____ Data section

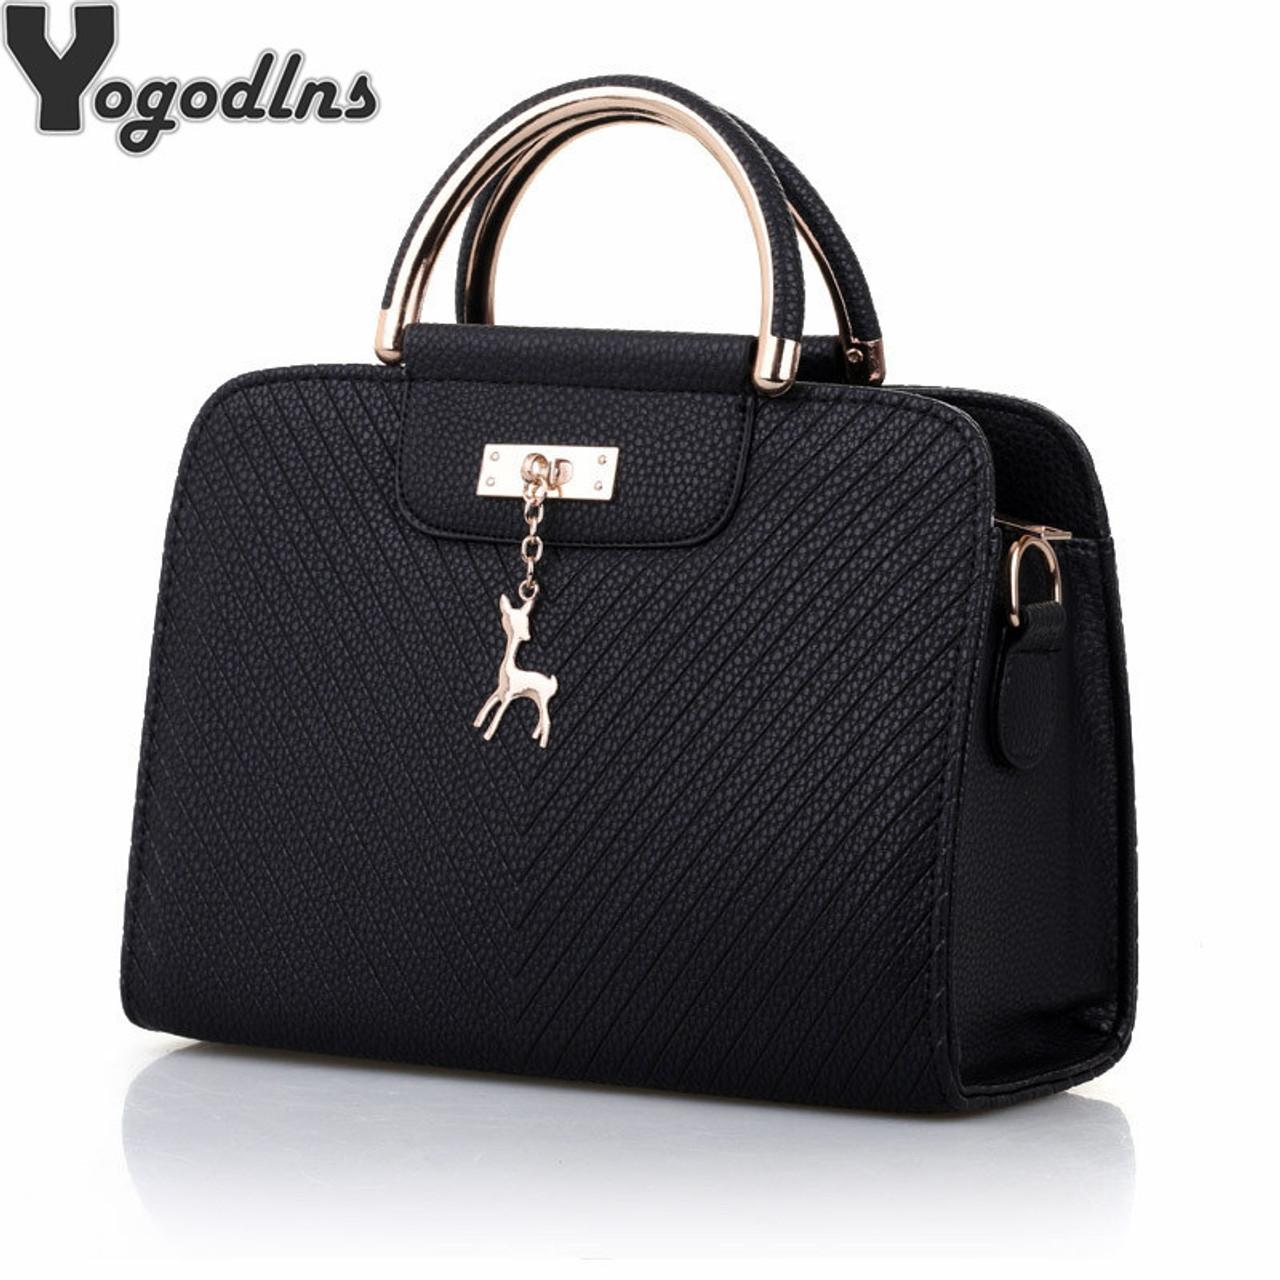 91c26b313307 Fashion Handbag 2018 New Women Leather Bag Large Capacity Shoulder Bags  Casual Tote Simple Top-handle Hand Bags Deer Decor - OnshopDeals.Com
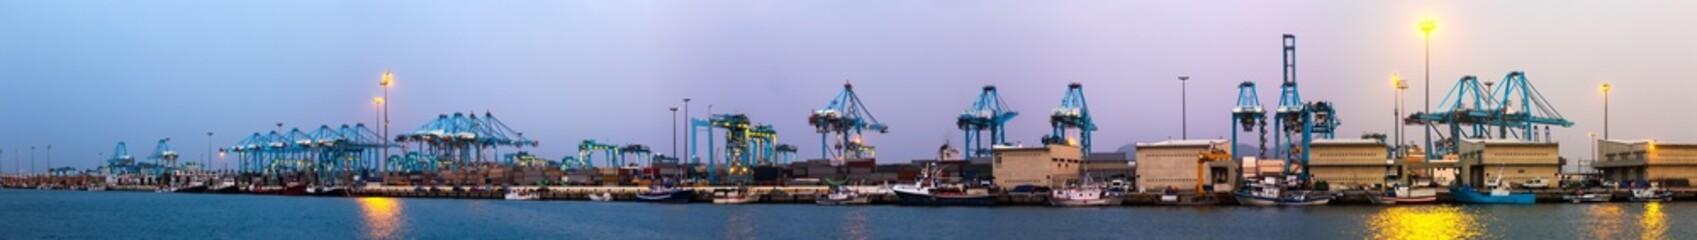 Evening view of  Port of Algeciras
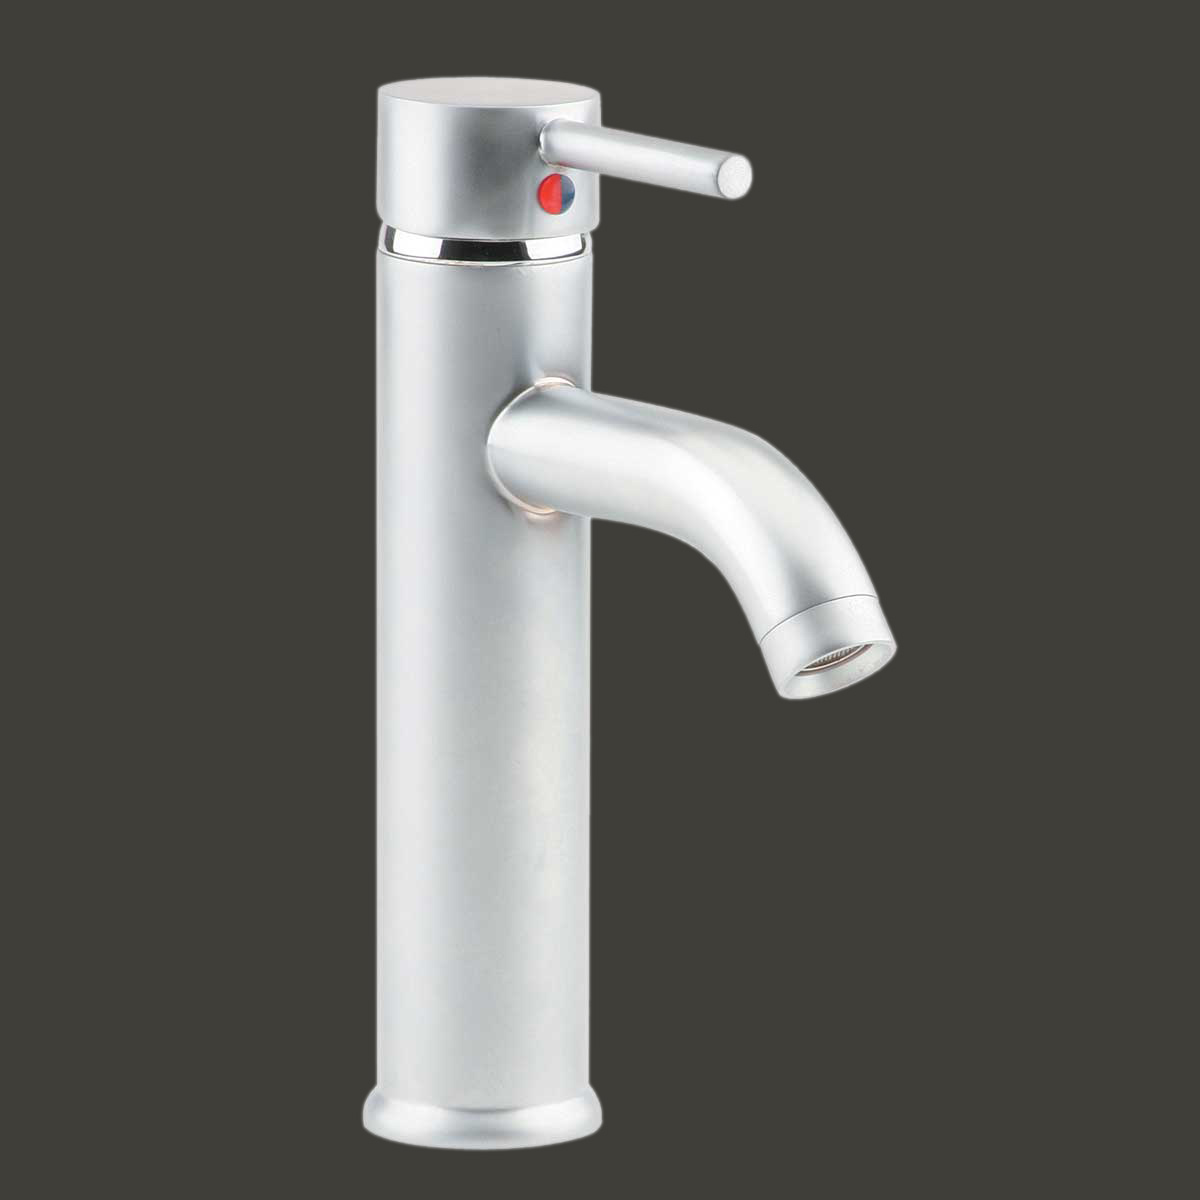 Satin Nickel Single Hole Bathroom Sink Faucet 9.5\
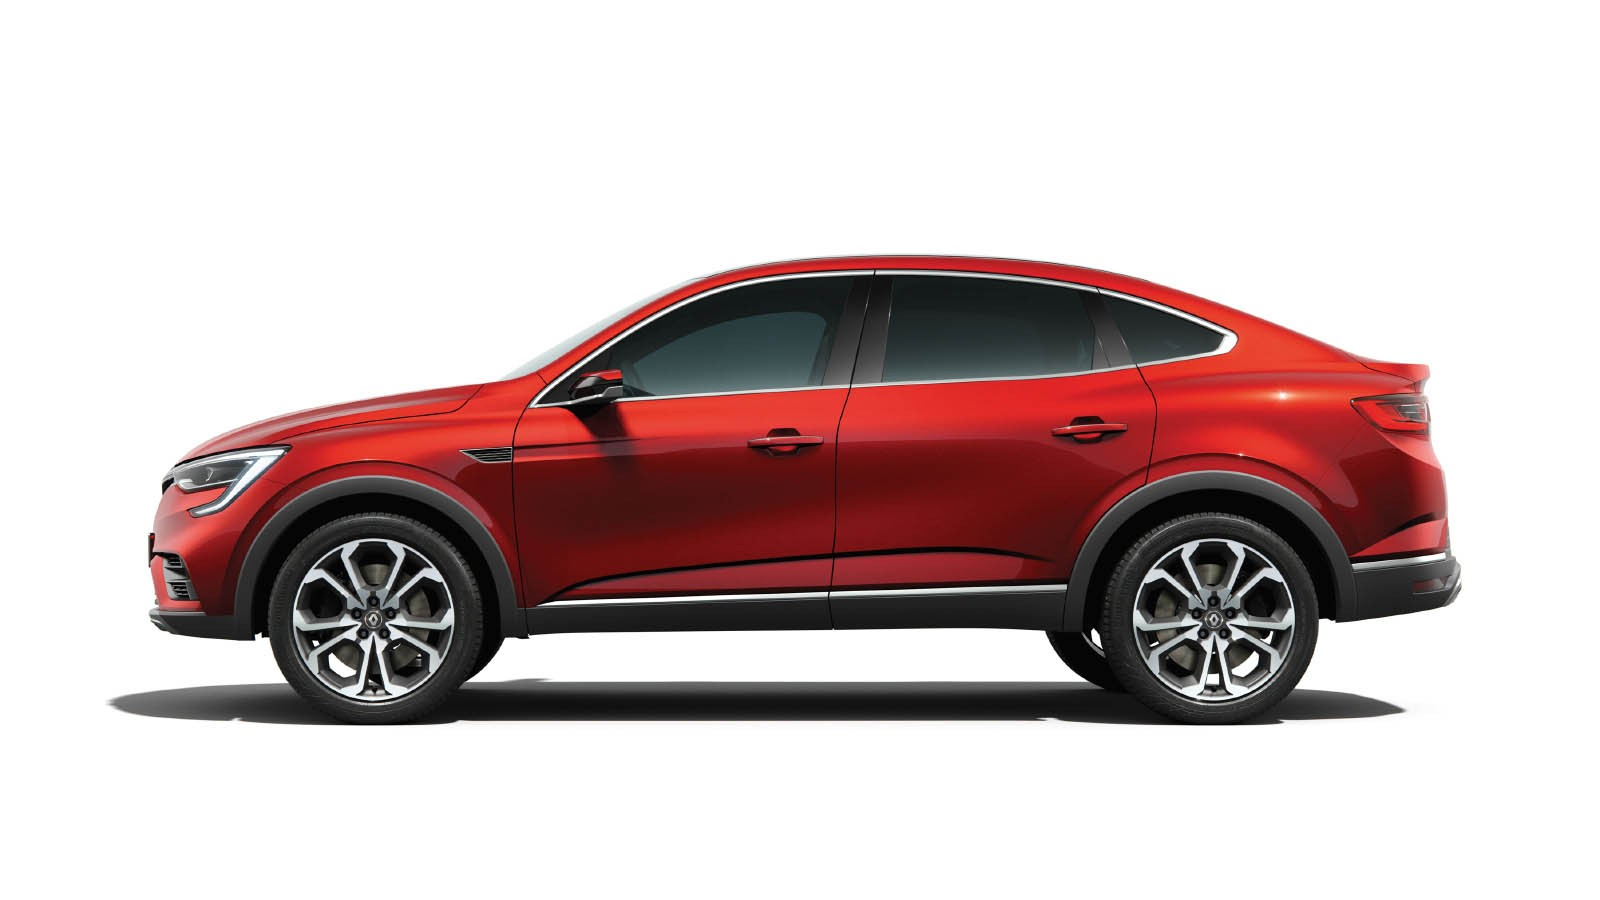 Renault Arkana '2018

________

Transcribe the listing exactly. Its images are to be omitted.

 91c26b313307 Fashion Handbag 2018 New Women Leather Bag Large Capacity Shoulder Bags  Casual Tote Simple Top-handle Hand Bags Deer Decor - OnshopDeals.Com
 Evening view of  Port of Algeciras
 Satin Nickel Single Hole Bathroom Sink Faucet 9.5\
 Renault Arkana '2018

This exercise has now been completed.